1. Kosowsky, J. M., & Kimberly, H. H. (2014). Pleural Disease. In J. A. Marx, R. S. Hockberger, & R. M. Walls (Eds.), Rosen's Emergency Medicine: Concepts and Clinical Practice. Philadelphia: Elsevier/Saunders.
2. Bhatnagar, R., & Maskell, N. (2015). The modern diagnosis and management of pleural effusions. BMJ.
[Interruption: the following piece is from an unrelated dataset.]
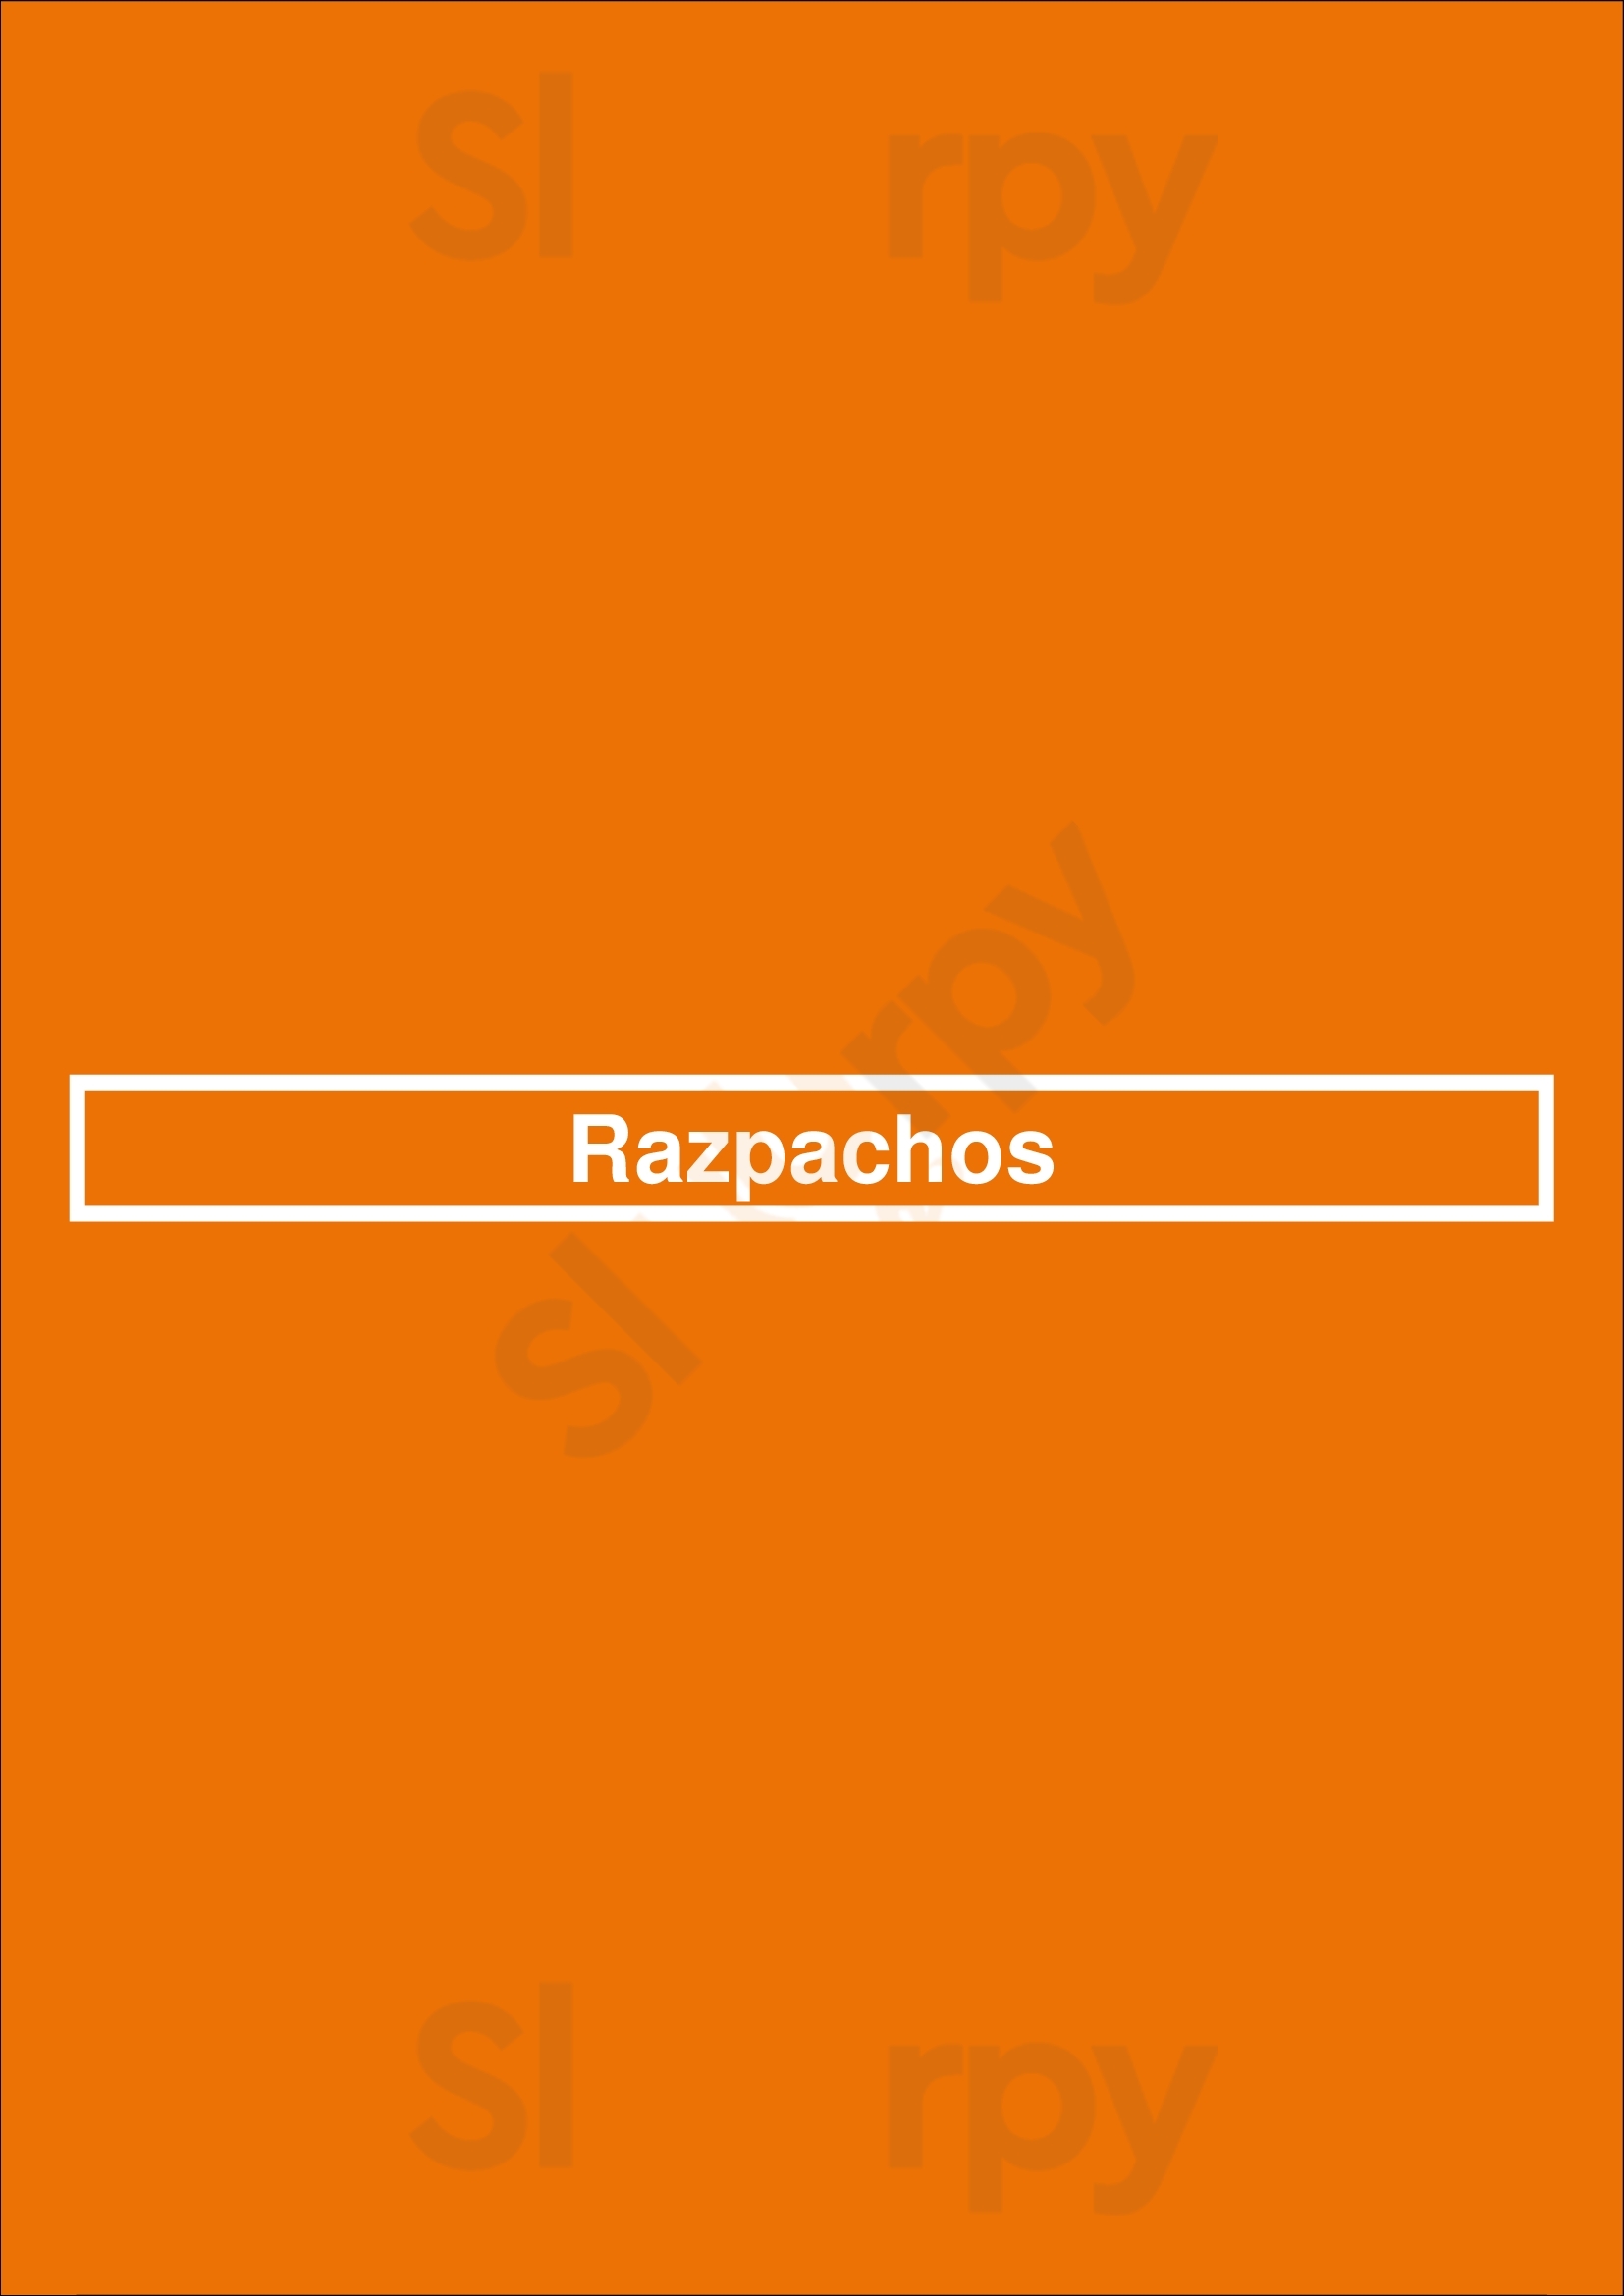 Razpachos Chicago Menu - 1

3. Adler, E. H., & Blok, B. K. (2014). Thoracentesis. In J. R. Roberts, C. B. Custalow, T. W. Thomsen, & J. R. Hedges (Eds.), Roberts and Hedges' Clinical Procedures in Emergency Medicine (6th ed.). Philadelphia: Elsevier/Saunders.
4. Akulian, J., & Feller-Kopman, D. (2015). The past, current and future of diagnosis and management of pleural disease. Journal of Thoracic Disease, 7(S4), S329-S338.
5. Irwin, Z., & Cook, J. O. (2016). Advances in Point-of-Care Thoracic Ultrasound. Emergency Medicine Clinics of North America, 34(1), 151-157.
6. Shiber, J.R. (2006). Complications and benefits from drainage of massive pleural effusion. Annals of Emergency Medicine, 49(4), 544-545.
7. Feller-Kopman D, Walkey A. The relationship of pleural pressure to symptom development during therapeutic thoracentesis. Chest 2006 Jun;129(6):1556-60.
8. Dewitz A.  (2008).  Additional Ultrasound-Guided Procedures In O.J. Ma (Ed.), Emergency Ultrasound (pp. 546-550).  New York, NY:  McGraw Hill.